On Tuesday, the newspaper Yediot Aharonot reported that Netanyahu’s entourage during his recent China trip including 31 people, compared with 15 people who accompanied former Prime Minister Ehud Olmert in 2007. Two staffers were assigned to tend to Netanyahu’s wife and two sons, the paper said.
Netanyahu’s office defended the size of the group, saying his China trip was “more complex’’ than Olmert’s, according to the newspaper.
Netanyahu and his wife, Sara, have faced questions about their spending habits before. Earlier this year, the prime minister canceled a state contract after it was disclosed that he was spending $2,700 a year for his favorite ice cream. In 2011, Netanyahu was investigated for accepting expensive flights, hotel stays and meals from wealthy benefactors while he served as a government minister. No charges were brought.
Israeli media outlets lambasted Netanyahu for what they said were lavish habits at a time when most Israelis were feeling the pinch of the rising cost of living.

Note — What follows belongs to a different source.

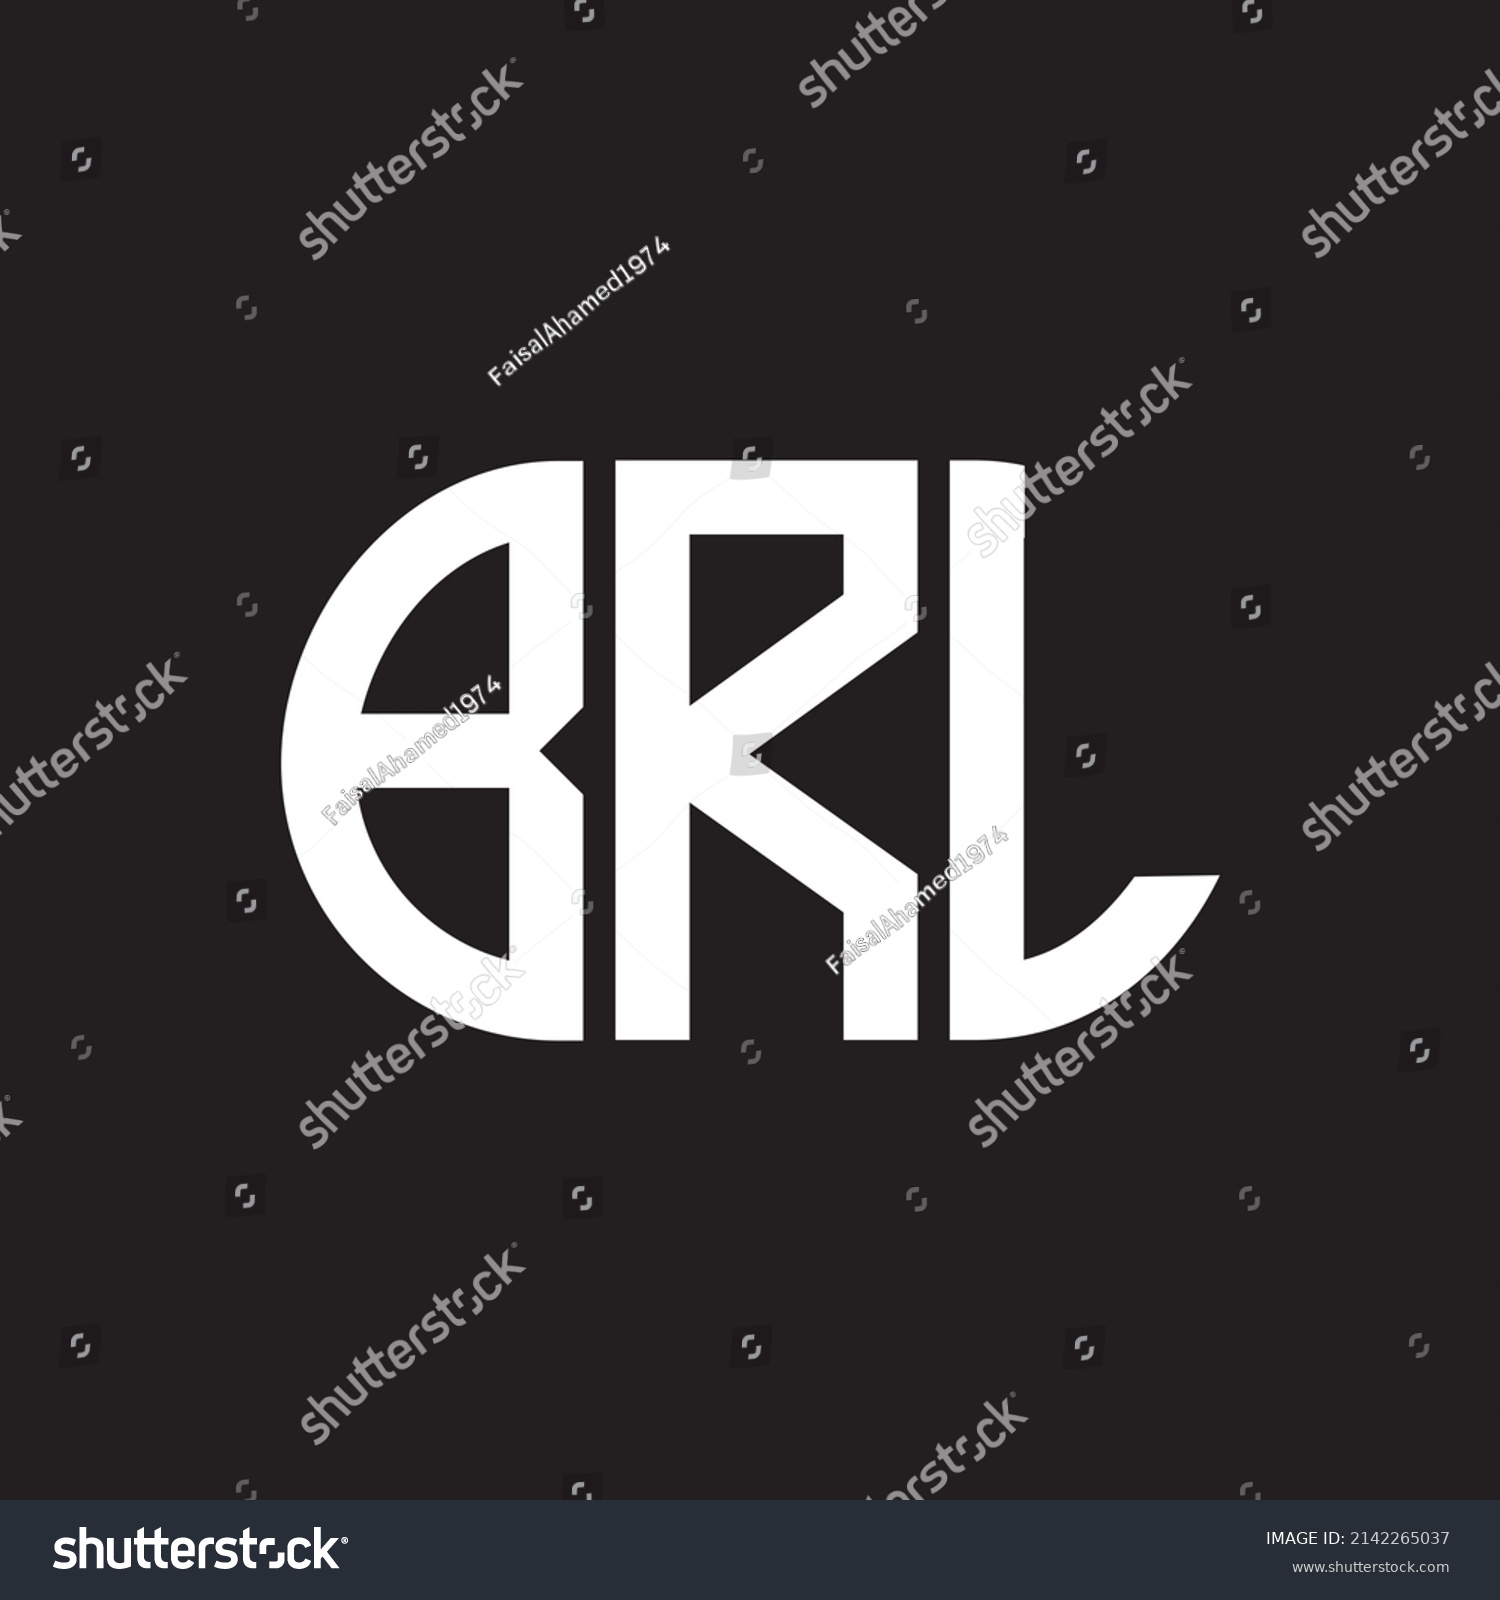 SVG of BRL letter logo design on black background. BRL 
creative initials letter logo concept. BRL letter design. svg

Many reprinted a picture of former Prime Minister Menachem Begin curled up asleep across two airplane seats during a 12-hour trip to the United States, praising the nation's previous leaders for setting better examples of frugality and modesty.
On Tuesday, Netanyahu’s government passed a new budget that will include a 1.5% rise in personal income taxes and a hike in the valued-added tax -- a type of sales tax -- to 18%, up from 16% last year.
Netanyahu has said the austerity measures, including a $800-million cut in military spending, are needed to lower Israel’s $10-billion budget deficit. But last weekend, thousands of Israelis protested against the new budget, threatening to reactivate large-scale demonstrations that took place two years ago.